EXERCISE >> Among the entries below, find the line with "Vegetarian Mediterranean Dish", then quote it and each following line up to and including the line with "Vladimir Putin Plays", and nothing else.

RECORDS FOR THE TASK >>
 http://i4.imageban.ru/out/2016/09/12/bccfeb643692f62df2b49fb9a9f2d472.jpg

---

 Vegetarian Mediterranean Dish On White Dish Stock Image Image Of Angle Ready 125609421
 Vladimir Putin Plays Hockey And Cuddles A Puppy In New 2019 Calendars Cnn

==

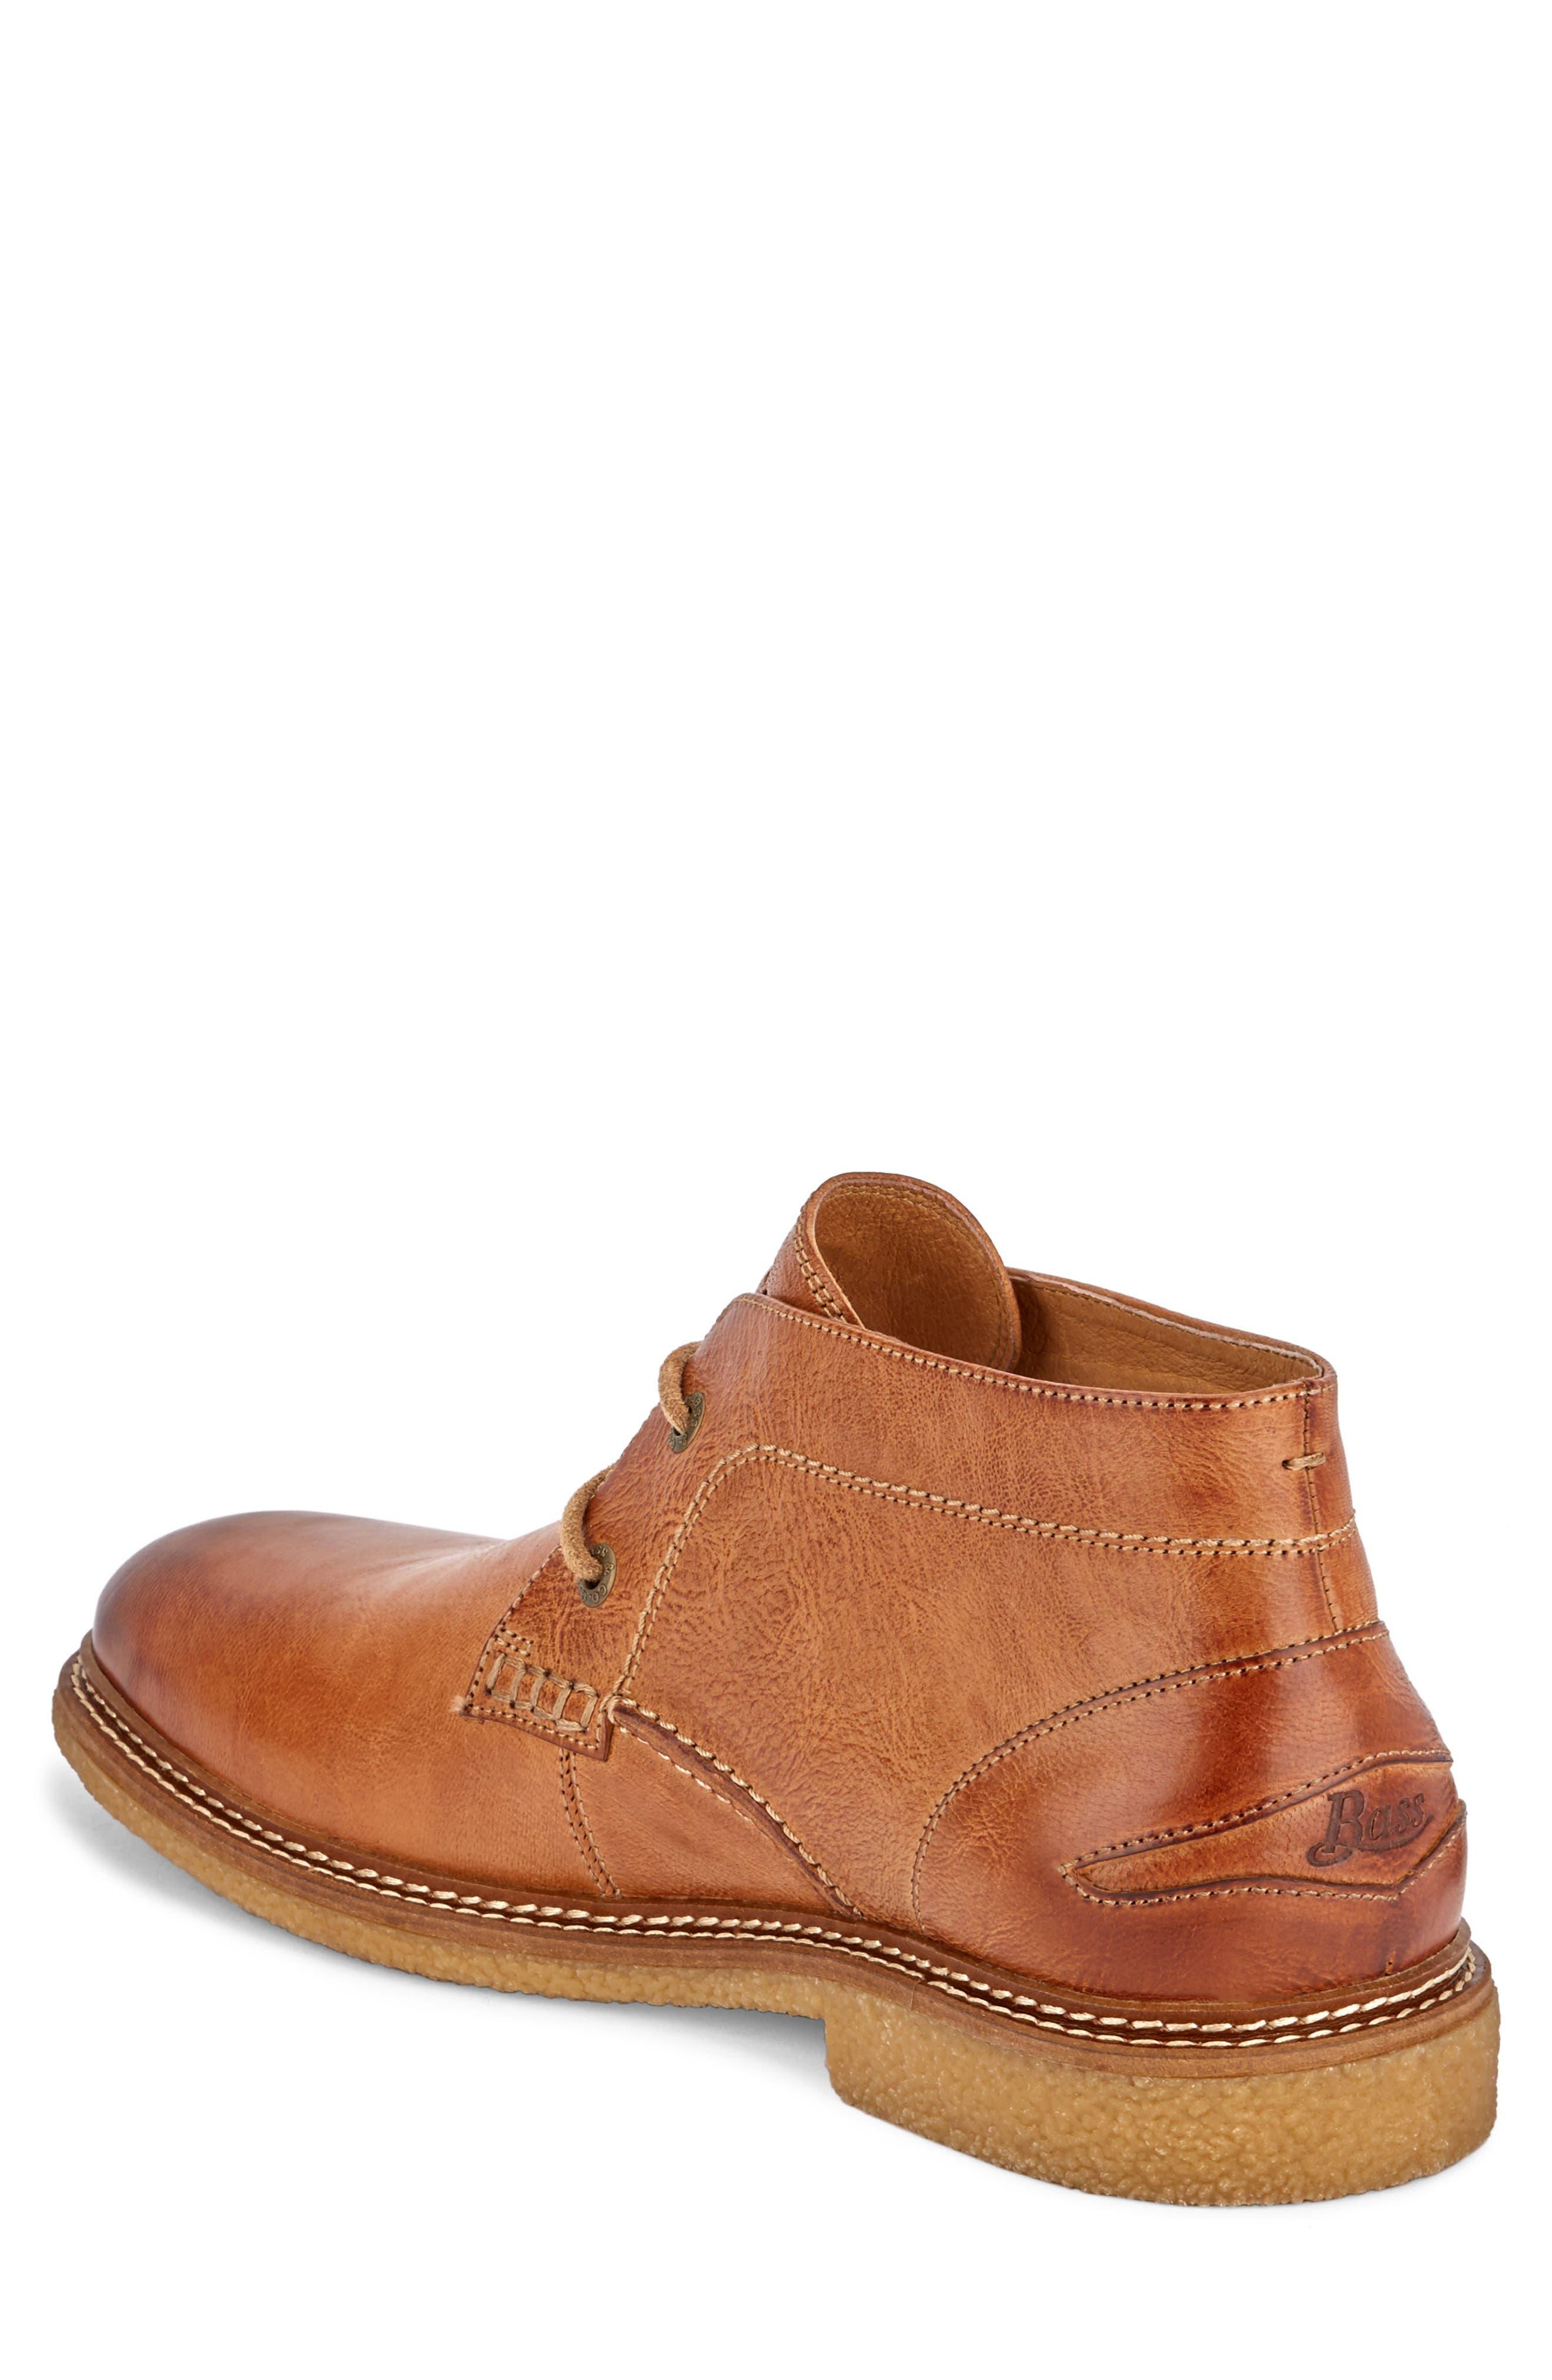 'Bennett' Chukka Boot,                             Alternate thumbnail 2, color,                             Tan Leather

SOLUTION TO THIS EXERCISE >>
 Vegetarian Mediterranean Dish On White Dish Stock Image Image Of Angle Ready 125609421
 Vladimir Putin Plays Hockey And Cuddles A Puppy In New 2019 Calendars Cnn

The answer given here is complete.